Mansplaining: A Reluctant Introduction

When I was in high-school, I naively tried to share a cool new algebra technique I just learned and got really excited about, to my then boyfriend. Without going into much detail, he was so indignant that I, a mere girl, dared to teach him something, he scornfully asked me ” Are you really trying to teach me this?” and embarrassed I immediately said ” no, of course not”. It was one of my earliest introductions to the male ego. While generally men and it seems boys, take it upon themselves to explain things to women, it was unacceptable that a woman would do the same. Even, it seems,   if she has expertise on the matter.

Last weekend, after giving a talk on gender equality and feminism for a small gathering I go a fresh new introduction to mansplaining, the offspring of the male ego. The reaction to my speech, as usual, was mixed but cordial which I considered a general success. At the end, I stood aside for the usual tirade of questions, comments and of course instructions. I was not disappointed. A young man, perhaps five years younger than me, deemed it necessary to inform me of his experiences in Germany. Apparently (please read sarcasm here), all the women have turned masculine in Germany and none of the men want them. He kindly informed me that I should keep these consequences in mind as I pursue my feminist crusade. If I was dealing with any other branch of social politics, I would think that this was a subtle warning from the patriarchal establishment: ‘Stop what you are doing or no man will love you’.

In the feminist dictionary, what he did is so aptly called, mansplaining, ie men’s patronizing explanations on something that women already know if not have exponentially greater expertise on. mansplaining is not a conversation between equals; it is basically one more way that men can assert their dominance in the patriarchal hierarchy trough condescension by basically insulting a woman’s intelligence by lecturing her as he would a child. It is always amusing to come into contact with the persistent mansplainers, which i usually get bombarded by once I identify as feminist.

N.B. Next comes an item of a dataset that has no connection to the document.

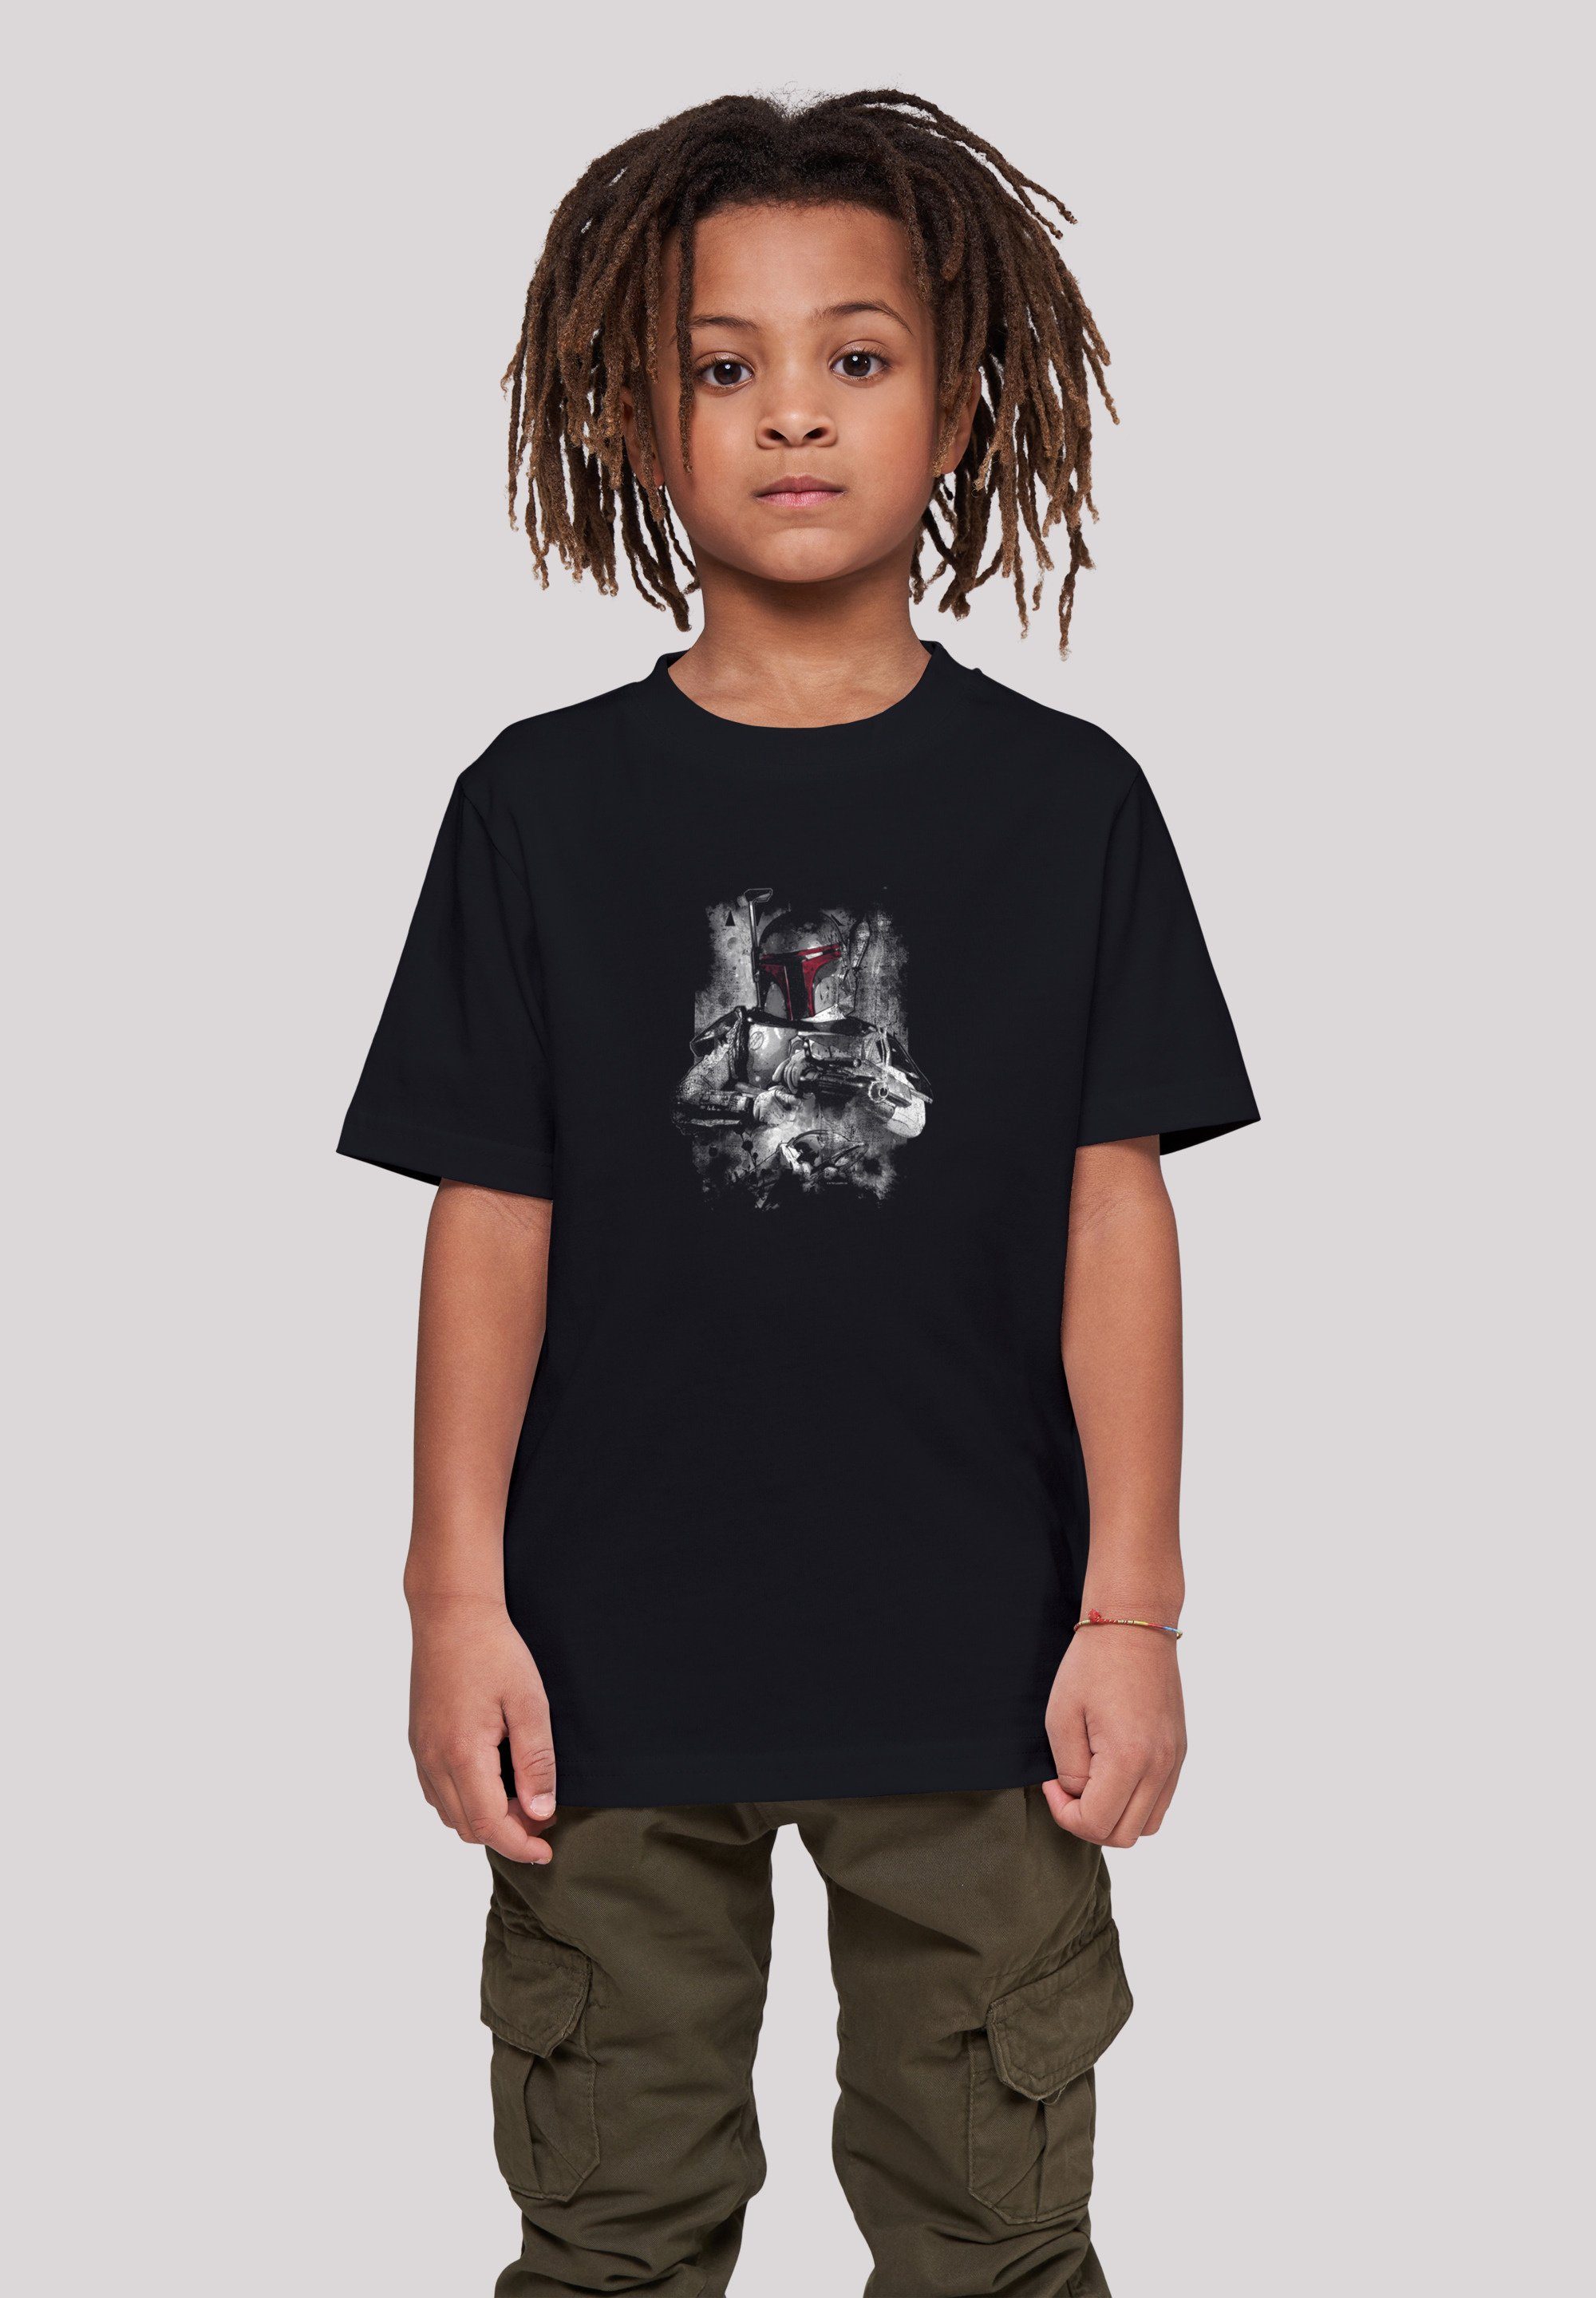 Print, hohem T-Shirt Boba mit Sehr Star F4NT4STIC weicher Distressed Baumwollstoff Tragekomfort Fett Wars

There are the usual recurrent mansplainers who deem it necessary to school the feminist on the evils of feminism and how she is too good of a girl to   be a feminist to the usual no one will love you if you are a feminist threat.

There are debates on whether or not mansplaining is purely a gender based phenomenon only attributed to men or whether it is just an obnoxious human behavior. Now, not all men mansplain, but in my context mansplaining is a daily reality. It is there in the subtleties of the usually considerate men telling me how to drive to the men who have no expertise in gender issues telling me what is wrong with my work and my personal politics Usually, it is the kind but unsolicited comment or interruption where if you are new to this, you have a moment or two to bask in the glow of having another human being care so much about your development. This almost always abruptly ends with the realization that this has less to do with support and more to do with appeasing his male ego.

I recently had the opportunity to moderate a discussion where there were prominent personalities in the Ethiopian arts sector present. The event was coordinated by a women’s association and the first thing out of one speaker’s mouth is to ask ” what do all you privileged women do getting together to talk?”. The gist being that a group of privileged women with such a lack of community consciousness have no business holding meetings when there are so many bigger problems in the world. Godess forbid, meeting to simply to network and learn from each other is tantamount to a cardinal sin. While there is a call to dismiss mansplaining from the feminist dictionary because it is a pejorative term that puts feminists in the defensive, I rather we keep mansplaining in the feminist dictionary a while longer. How else can one explain such embodiment of conceit?